Global Market
How can business leaders ensure that their organisations are primed for innovation and agility in the age of growing complexity and constant change? The evidence is clear that increasing diversity is not only a moral commitment, but it is also a powerful business imperative. According to a report by BCG, those who do not address their diversity failings will not survive the technological shocks of the upcoming decade.
The benefits of diversity are outstanding: diverse teams have a higher capacity for innovation, are more willing to take risks and bounce back from failures quicker, find unconventional solutions, and turn challenges into opportunities. Research shows that the most diverse companies can outperform more homogenous peers on profitability – the cash flow per employee is 2.5 times higher in heterogenous teams and inclusive teams are, on average, 35% more productive. But more diverse teams also underperform more homogenous teams. The difference is in whether that diversity can work together. Strong organisational culture and robust structural foundation are critical for reaping the benefits of cultural diversity without paying costs. Yet, meaningful diversity and inclusion initiatives are particularly challenging to implement and measure.
Dr Muthukrishna has applied these same insights to closing the cultural gap and increasing retention in mergers and acquisitions and guiding companies in global scale up.
Culturalytik: Cultural Measurement Analysis
Dr Michael Muthukrishna, Associate Professor of Economic Psychology at the Department of Psychological and Behavioural Science, uses research in cultural evolution for public policy, applying the findings to solve real-world problems. He has developed tools embodied in Culturalytik, for cultural measurement, analysis, and behavioural intervention design. The approach uses cutting-edge techniques to highlight accurate, actionable aspects of culture.

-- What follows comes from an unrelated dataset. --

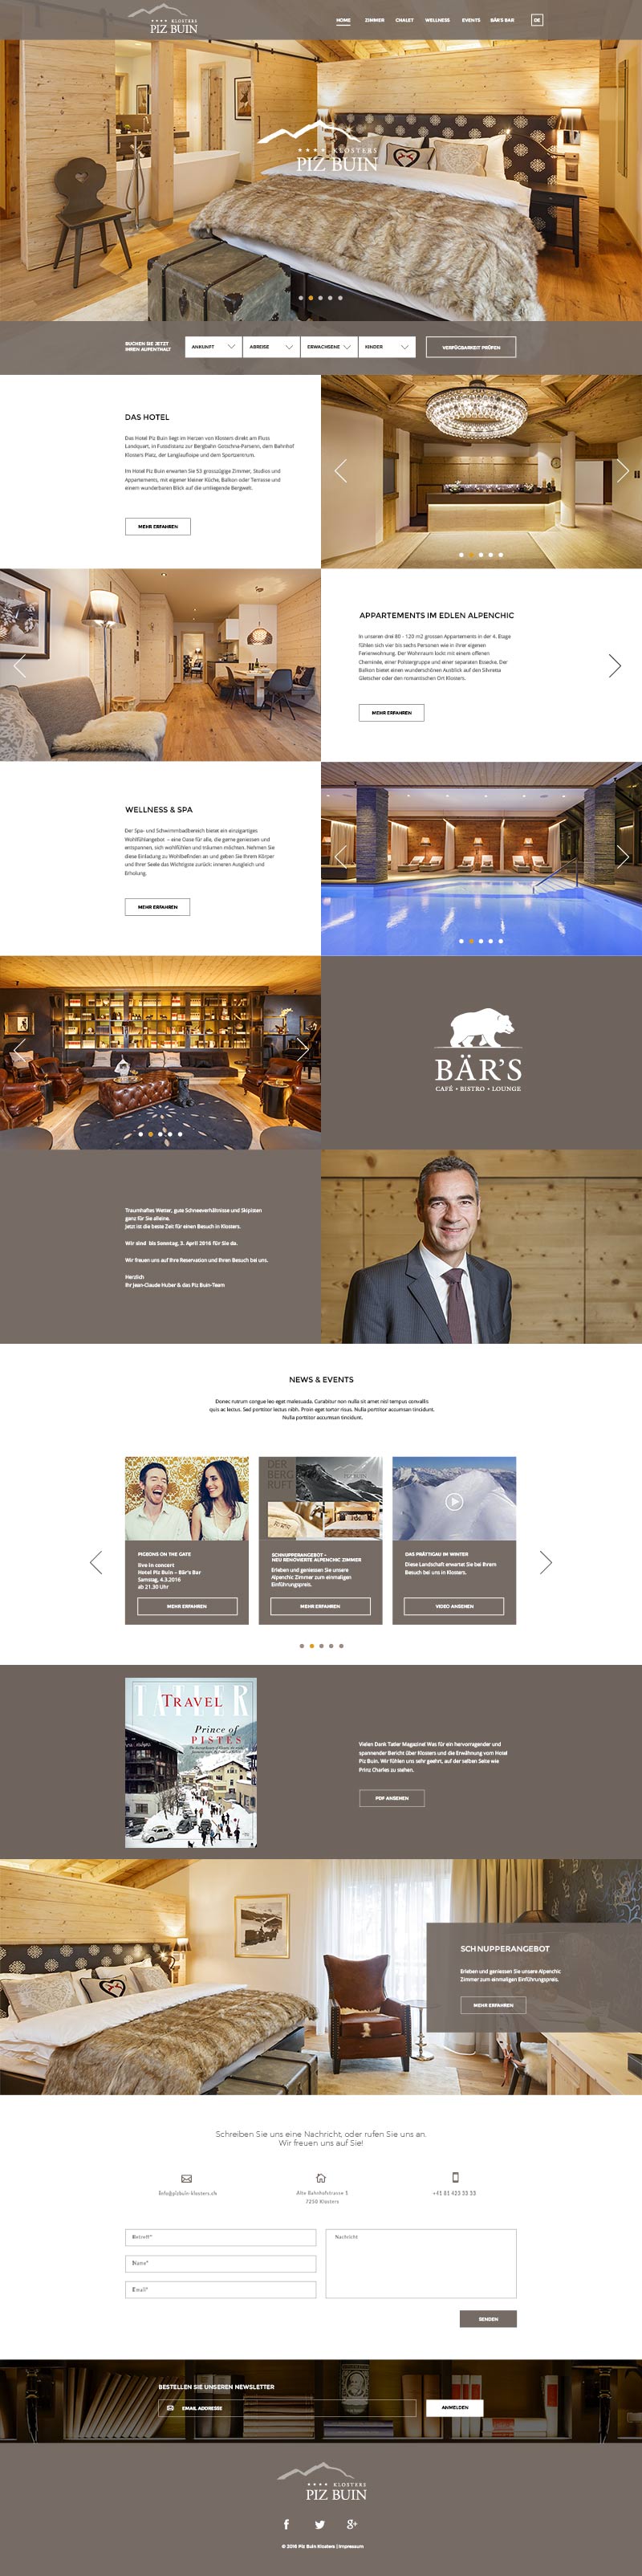 Übersicht der Homepage der Webseite für das Hotel Piz Buin Klosters. Das Design-Konzept wurde auch bei anderen Hotels der Meili Selection AG angewendet.

“The goal is to identify and preserve aspects of culture to maximise retention, increase innovation, continue customer satisfaction and other key performance indicators, and aid global expansion.”
– Dr Michael Muthukrishna
Culturalytik’s unique approach includes data collection methods that ensure genuine answers to sensitive questions and proprietary analyses that “slice” organisations by strategically targeting groupings such as locations, teams, work functions, and tenure, decomposed into different cultural dimensions.
A Roadmap to Becoming an LSE Spinout
With LSE Innovation’s support, Culturalytik has had successful pre-contract engagements with the world’s largest companies active in global mergers and acquisitions in order to secure commercial partnerships and relevant income streams.
LSE Innovation supported Culturalytik in three key areas – market assessment, market engagement, and market validation – and will continue to assist Culturalytik in the development of the commercialisation plan to enable Culturalytik to become a financially self-sustainable spinout.